Analysis

Buffer ETFs yet to recreate US success in Europe

UCITS buffer ETFs have amassed less than $190m assets since debuting four years ago

Jamie Gordon

Railway buffer

Buffer ETFs may have taken retirement accounts in the US by storm, however, these products are yet to fork much lightning with European investors seeking to manage downside risk.

Buffer – or defined outcome – strategies were first wrapped within US-listed ETFs in 2018, offering investors cost-effective access to the structured product model of capping upside returns and hedging against losses over a predetermined period.

After modest inflows of just over $500m in their first year, the COVID-19 pandemic and central bank-led 2022 correction brought the use case for buffer ETFs into sharp focus, inspiring more than $20bn asset gathering over the last two calendar years, according to data from Morningstar.

However, as investors have poured over $37bn into the more than 200 buffer and tail hedge ETFs available in the US, the products have yet to inspire similar enthusiasm since entering Europe in 2020.

Gregg Guerin, senior product specialist at First Trust – whose buffer ETFs have raised $20bn in the US and $24m in Europe – said at a recent ETF Stream roundtable: “What is resonating in the US and not yet in Europe where we have just brought these products over, are these target buffer strategies.”

Three teething issues

A natural first explanation for modest early-days asset gathering is a lack of familiarity with the new ETFs available in Europe.

Antoine Ternon, multi-asset portfolio manager at APICIL Asset Management, said he was “positively surprised” by developments in buffer ETFs and added he had been aware of these strategies existing but “at higher cost or significant ticket size”.

"I would like to see innovation in ETFs around structured products,” he said. “There would be a very good place for that in Europe.”

A second challenge is how these ETFs will compete with long-standing, actively managed defined outcome vehicles such as the $2.7bn Atlantic House Defined Returns Fund.

Despite this, Adrien Samuel-Lajeunesse, investment fund and ETF specialist at BNP Paribas Wealth Management, believes there is a use case for options strategies wrapped in ETFs.

“One area we have been looking at recently is options strategies that are wrapped into ETFs, things like covered call and buffer strategies,” he said.

“It is a good way to democratise sophisticated strategies that are only available for the biggest clients.”

Wayne Nutland, multi-asset investment manager at Skerritts, added: “The wider European market has used structured products often distributed via private banks to provide similar defined outcome products, this market could be an opportunity for buffered ETFs given their more transparent pricing and exchange traded nature.”

A third sticking point has been the recent macro backdrop, with the first half of 2024 being comprised of a rare combination of central bank rate cut expectations being revised downward, accompanied by the stubborn upward march of equity indices.

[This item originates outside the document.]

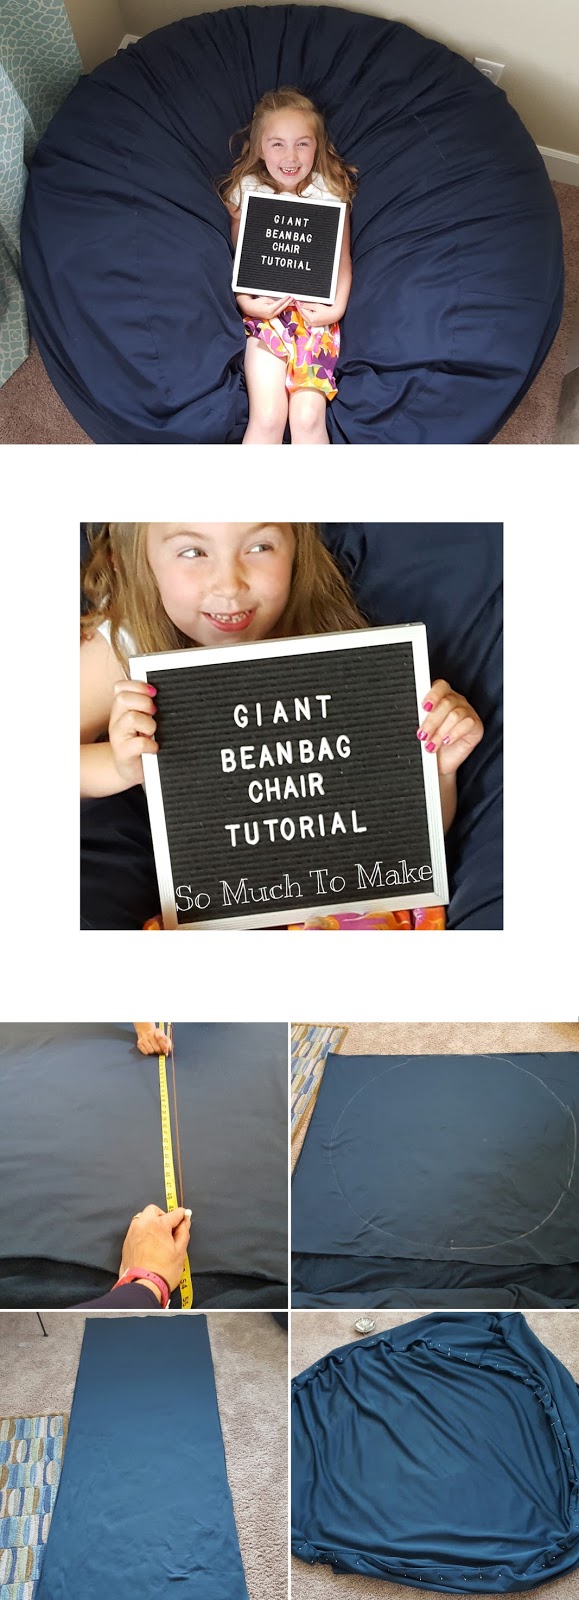 So Much To Make: Giant Bean Bag Chair Tutorial

While an equity rally reduces the attractiveness of a strategy with capped upside baked in, fears of a rerating or more substantial correction might give investors cause to look for hedging opportunities.

An arguably greater headwind for buffer ETF uptake has been the ‘higher-for-longer’ mantra maintained by the likes of the Federal Reserve.

While rate hikes or inflation surprises spell negative returns for most bond maturities, fixed income ETFs offering guaranteed income, low-to-no duration and no equity risk have boomed in popularity, such as the $8.3bn Xtrackers EUR Overnight Rate Swap UCITS ETF (XEON), which enjoyed $6.4bn inflows in 16 months and currently pays out the EU interbank rate of 3.9% to investors.

Although a lack of familiarity, existing competition and the current macro backdrop are all potentially solvable riddles, buffer ETF promoters may have a more difficult time swaying unconvinced fund selectors.

Risk-adjusted no-man’s land

Whereas buffer, tail hedge and covered call ETFs have struck a chord with investors in the US, the ETF market dominated by professional investors are more reticent about an ETF offering a risk-return profile in the middle ground between equity and fixed income.

“Institutional investors typically [prefer] purer play asset exposures using asset allocation decisions as the primary way to adjust portfolio risk-return profiles,” Nutland said.

“Typically, buffered ETFs do not fit easily within asset allocation driven investment processes, especially where a range of risk-profiled asset allocations is being constructed.”

Agreeing, Allan Lane, CEO of Algo-Chain, said it is “less obvious” that buffer ETFs should be included within a model portfolio offering constructed on a target risk basis.

“It is possible to figure out how to add an allocation, but many discretionary fund managers will instead use their own combination of equities, bonds, commodities and alternatives to deal with the possibility of an equity sell-off,” he concluded.

Overall, buffer ETFs may have to wait for the widely touted ‘rise of retail’ in ETF usage to recreate the surge in asset gathering witnessed in the US.